Fed’s preferred inflation measure tops 3% as U.S. economy strengthens

On the latest edition of Market Week in Review, Senior Quantitative Research Analyst Abraham Robison and Senior Research Analyst Brian Yadao discussed the latest macroeconomic data from the U.S., a key gauge of the business climate in Germany and recent market performance.

U.S. consumer prices soar. Will the Fed remain accommodative?

Recently released data shows that the U.S. economy continues to recover from the damage inflicted by the coronavirus, Robison said, noting that weekly initial jobless claims dropped to 406,000 for the week ending May 22. “While still above pre–pandemic levels, that’s the lowest number the U.S. has seen since the onset of the pandemic—and it’s especially noteworthy given that new weekly claims topped 6 million a little over a year ago,” he remarked. In addition, the government’s second estimate of first–quarter GDP (gross domestic product) came back unchanged, at an annualized rate of 6.4%, Robison added.

Further evidence of the strengthening U.S. economy was found in the release of the core PCE (personal consumption expenditures) price index, published May 28 by the Commerce Department, he said. “On a year–over–year basis, this index jumped 3.1% in April,” Robison stated, noting that the core PCE index serves as the U.S. Federal Reserve (the Fed)’s preferred measure of inflation. While the increase was above the central bank’s target of 2%, it was largely expected, due to supply chain bottlenecks and base effects stemming from last spring’s drop in prices, he noted.

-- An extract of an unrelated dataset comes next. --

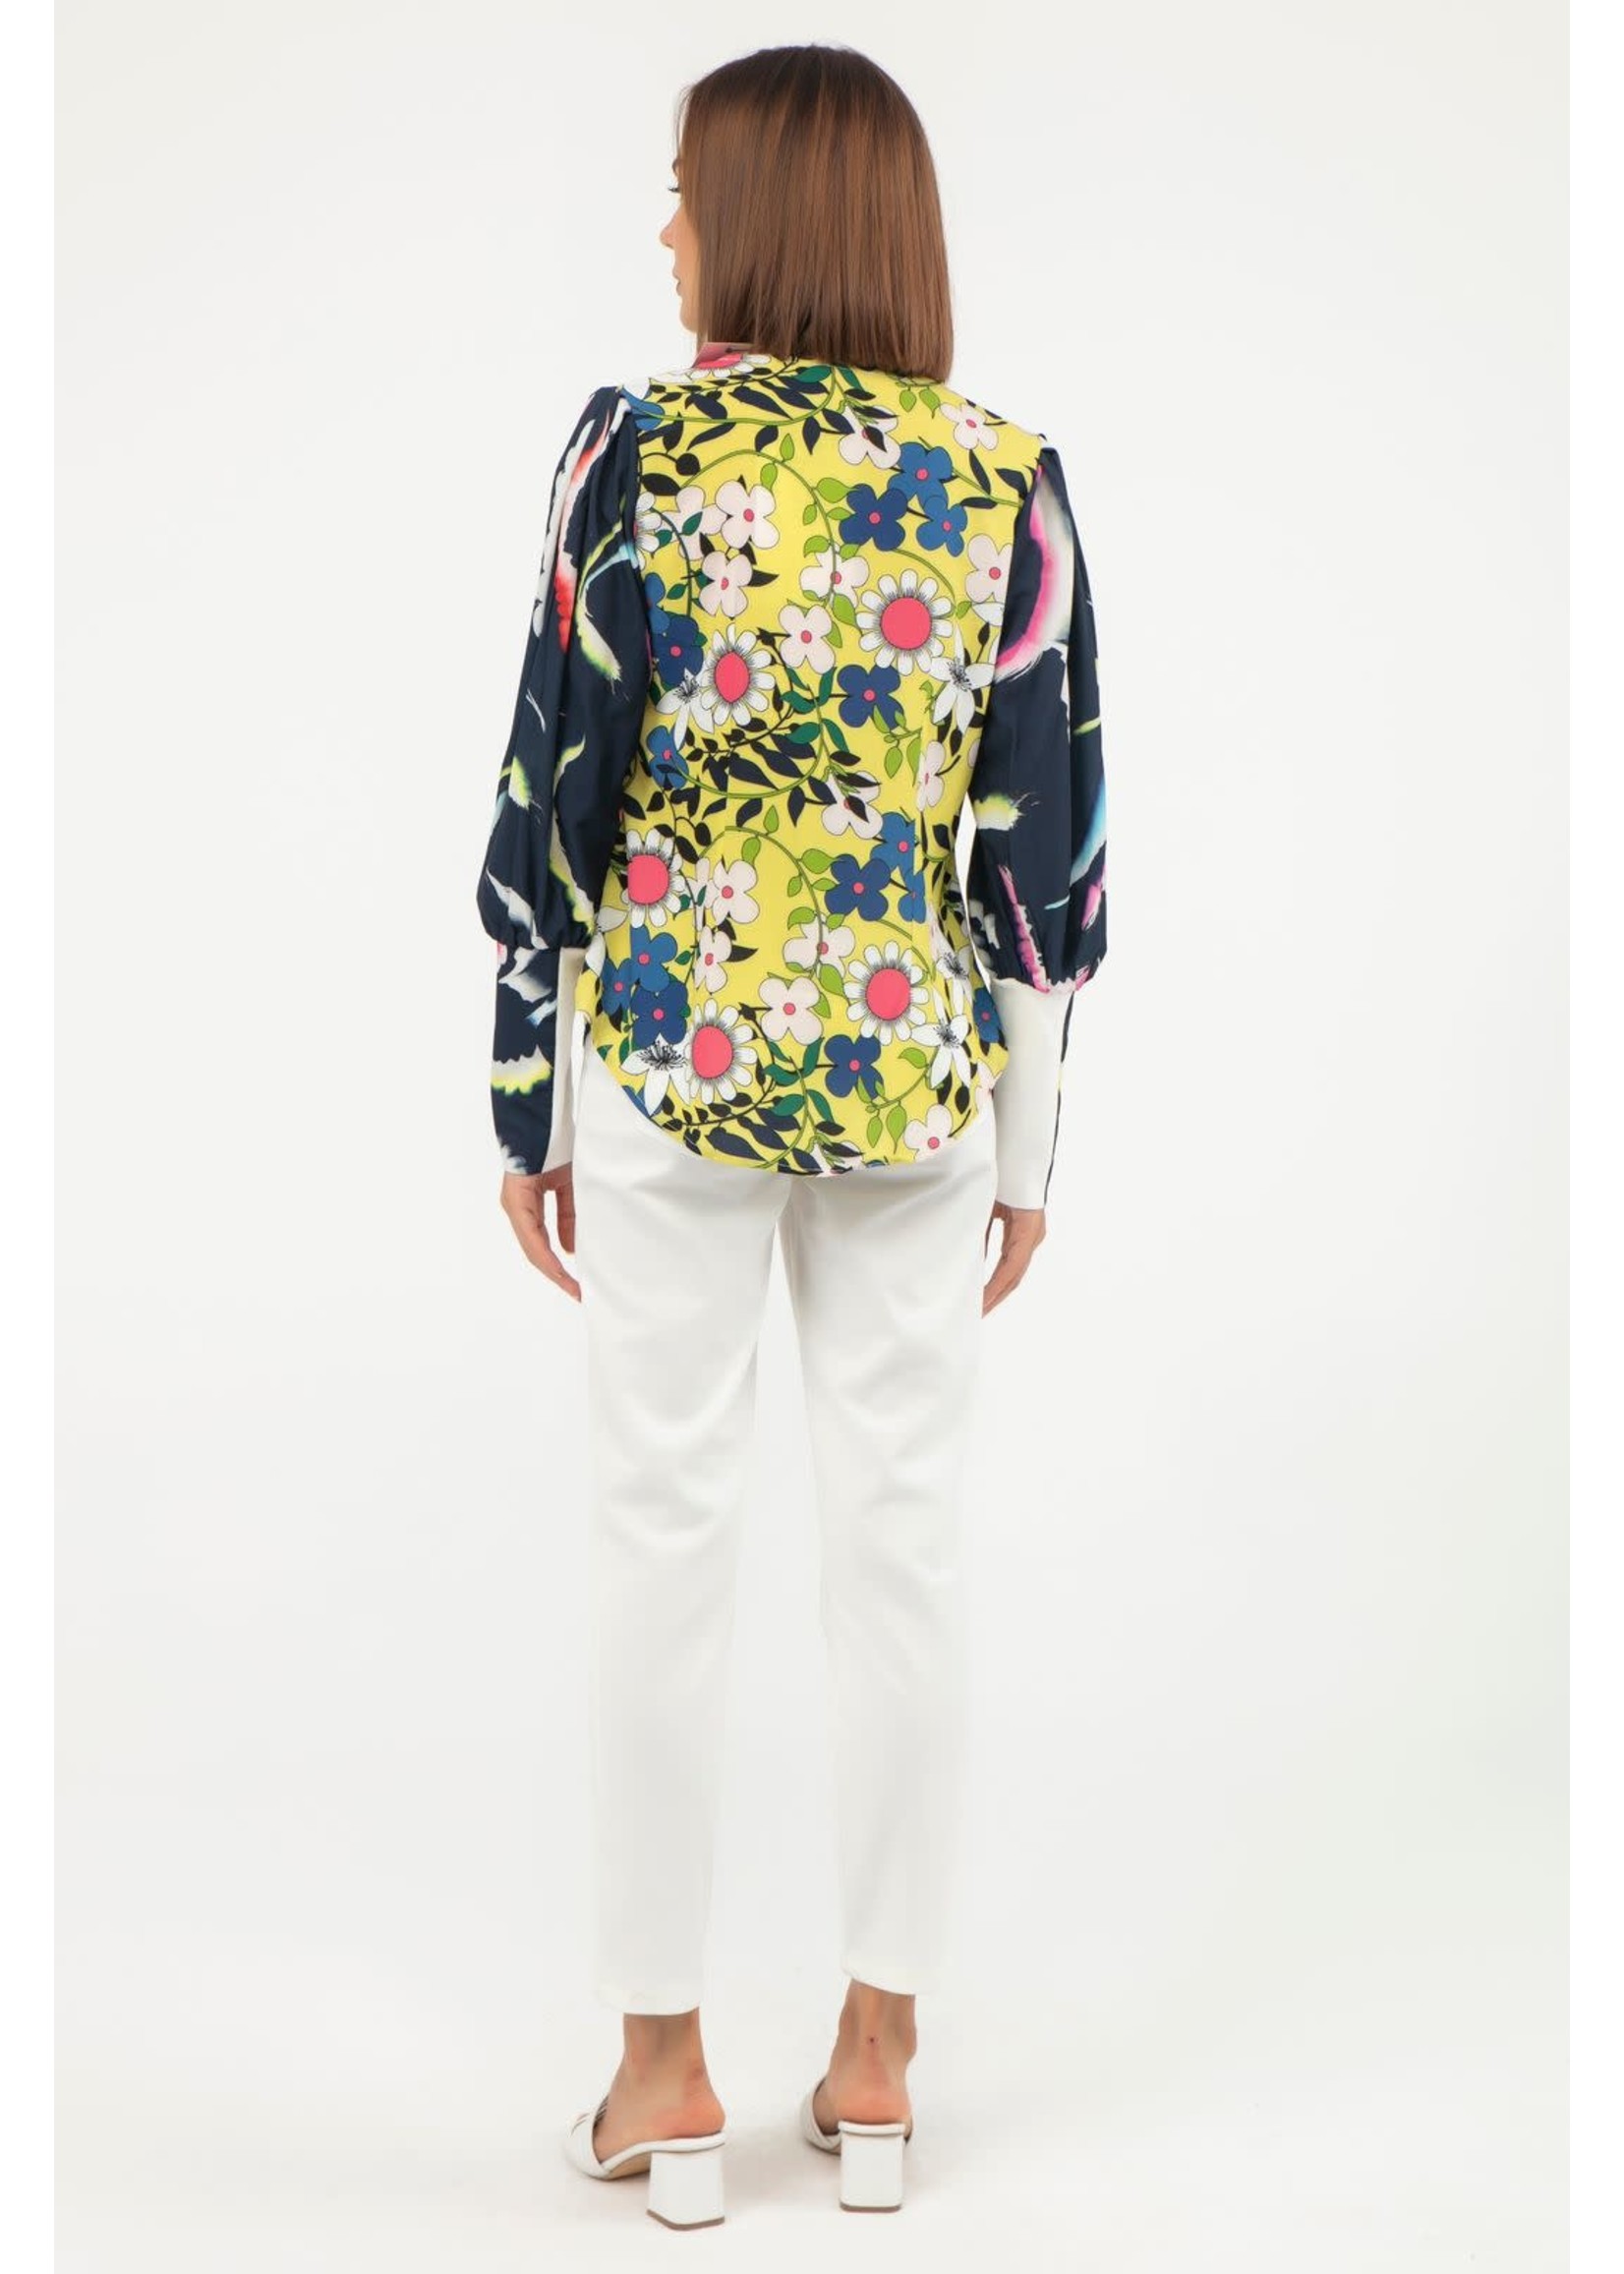 ISLE Post Sleeve Top (French Floral)

Because of this, Fed officials continue to see current inflationary pressures as transitory, Robison said—a point recently emphasized by Vice Chairman Richard Clarida in a May 25 interview. “This view, when combined with the fact that the U.S. is still far from reaching full employment, means that we can probably expect monetary policy to remain accommodative through at least the end of the year,” he stated. Ultimately, the Fed is much more likely to allow inflation to overshoot its target than to risk a disinflationary environment, such as the one Japan has grappled with since the 1990s, Robison noted.

Positive economic outlook for Europe as German business sentiment soars

Switching to Europe, Robison said that Germany’s Ifo Business Climate Index—which measures the sentiment of more than 9,000 German businesses in the manufacturing, services and trade sectors—rose to a two–year high in April.

“The index hit a reading of 99.2, which is important, because it indicates increasing optimism around the state of the German economy, which is Europe’s largest,” he stated. The Ifo survey is conducted on a monthly basis—versus GDP readings, which are published quarterly—and is a well–established early indicator of German economic trends, Robison said. “At the end of the day, a positive outcome in this survey is good news for the European economy,” he concluded.

Equities rise as markets look ahead to next U.S. employment report

Turning to recent market performance, Robison noted that the week of May 24 was largely calm for equities, with both the Dow Jones Industrial Average and the S&P 500® Index ending the week up about 1%, as of midday Pacific time on May 28. Bond markets were also largely range–bound, he said, noting that the yield on the 10–year U.S. Treasury note ended the week relatively unchanged.

Commodities, meanwhile, increased slightly on the week, continuing a steady upward climb from the beginning of the year, Robison said. “With lumber prices, chip prices and iron ore prices all on the rise, we might be seeing some signs of transitory inflation,” he remarked.

Robison concluded the segment by noting that markets will be paying close attention to the upcoming U.S. jobs report for May, which will be published by the Bureau of Labor Statistics on June 4. “The April employment report was a disappointment, so the May numbers are going to be an important watchpoint for investors,” he stated.